Chronic, severe asthma and a high incidence (60–80%) of chronic rhinosinusitis with nasal polyps are two essential hallmarks of aspirin-aggravated respiratory disorders (AERDs), both of which are exacerbated by aspirin and other NSAIDs. Although the pathogenic processes of AERD are not fully known, numerous studies have revealed strong eosinophilic infiltrations of the upper and lower airway mucosa, as well as disruption of arachidonate metabolisms. For research, recent advances in the pathogenic processes of chronic rhinosinusitis with nasal polyps in aspirin-exacerbated respiratory disorders can be found. 

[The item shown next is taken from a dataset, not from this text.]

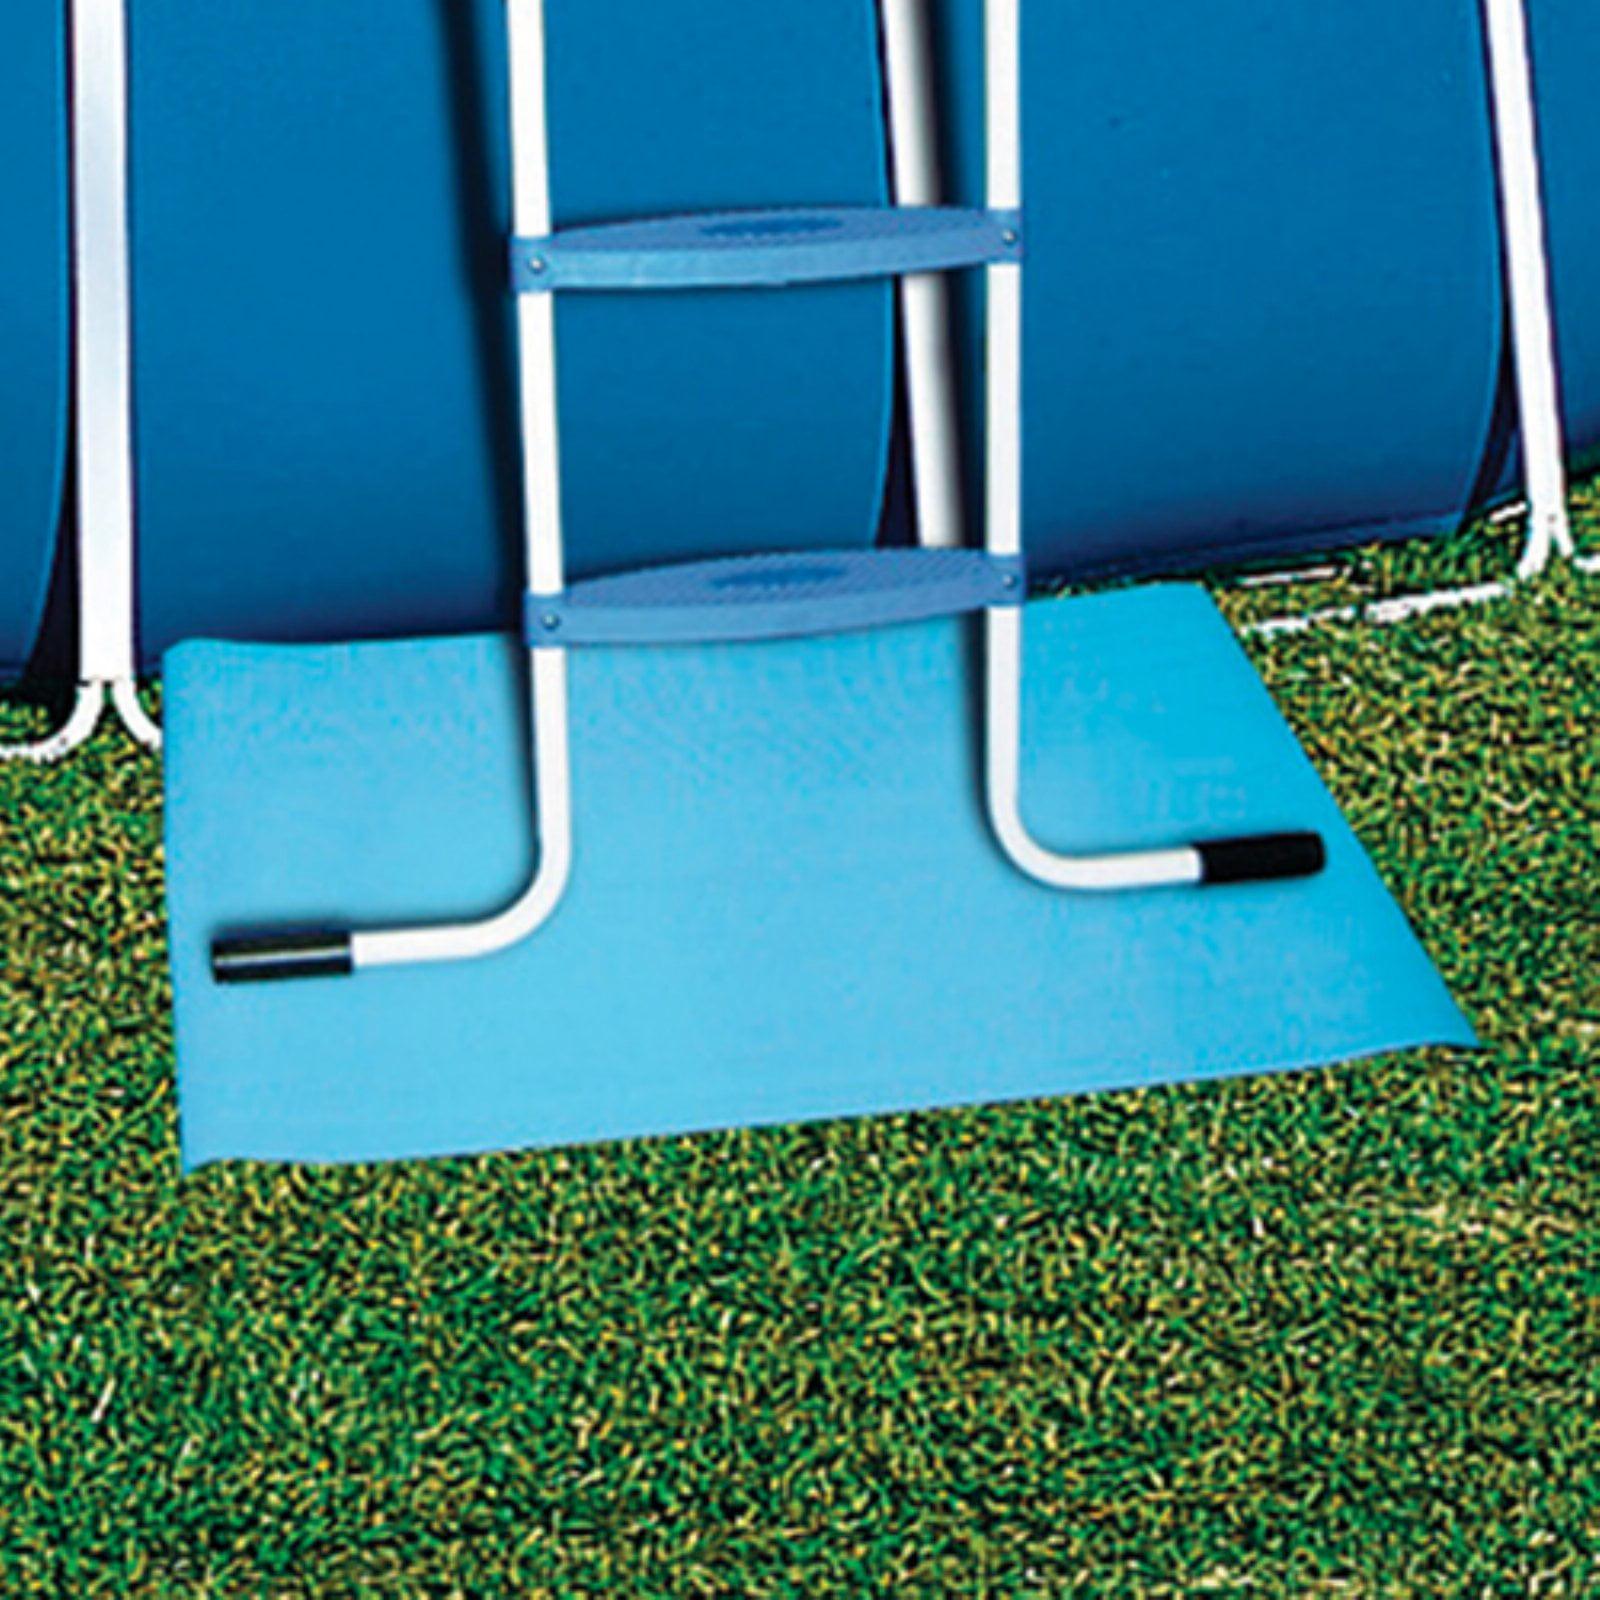 Poolmaster above ground swimming pool ladder pad 24 - Above ground swimming pool step pad ...

Intense eosinophilic infiltration was linked to increased levels of cytokines and chemokines such IL-5 and eotaxin. Eosinophilic inflammation in nasal polyp tissue is aided by the reaction of local immunoglobulin E to staphylococcal enterotoxins. Other features include an increase in cysteinyl leukotriene synthesis and increased expression of cysteinyl leukotriene receptor-1, a decrease in prostaglandin E2 production, and a decrease in cyclooxygenase-2 and E-prostanoid receptor subtype-2 expression. Periostin is the most up-regulated gene in the nasal polyp tissue of AERD patients, according to recent gene expression profiling research.

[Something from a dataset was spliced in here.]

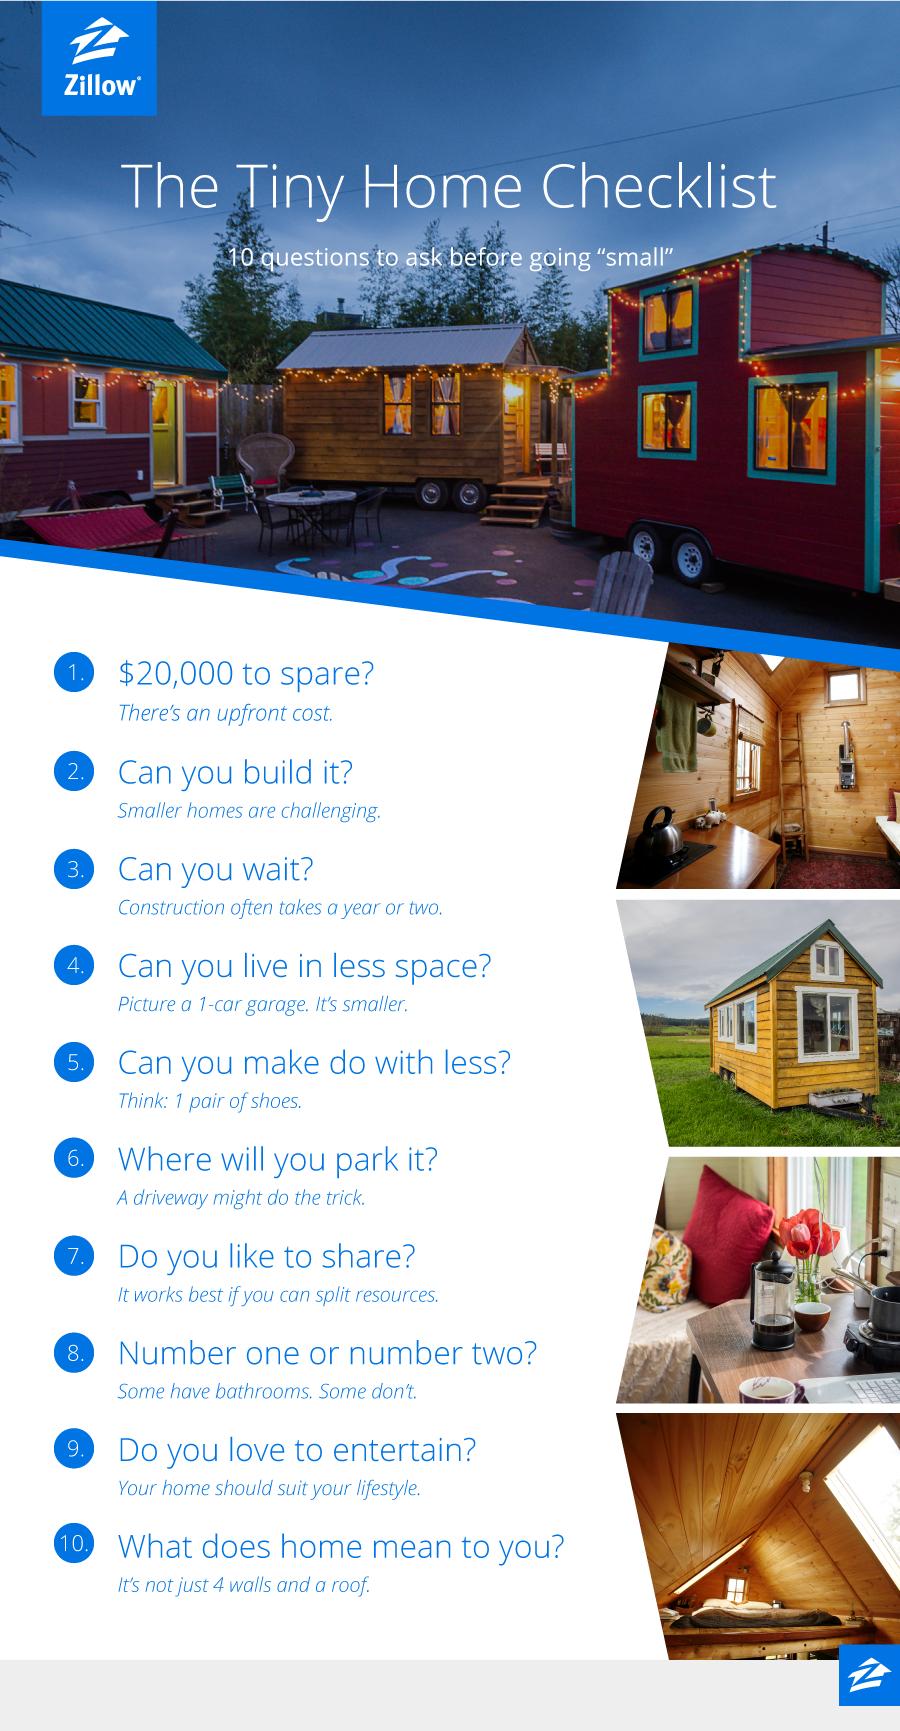 The Tiny Home Checklist

Chronic rhinosinusitis with nasal polyps is a common concomitant illness in AERD patients, and it was linked to severe asthmatic symptoms. Invasive eosinophilic inflammation, mediated by increased production of eosinophil-related cytokines and chemokines, specific immunoglobulin E responses to staphylococcal enterotoxins, and altered arachidonic acid metabolism, are all significant pathologic findings in nasal polyp tissues. This might have an impact on present asthma therapies and techniques, resulting in a more severe and difficult-to-control AERD phenotype.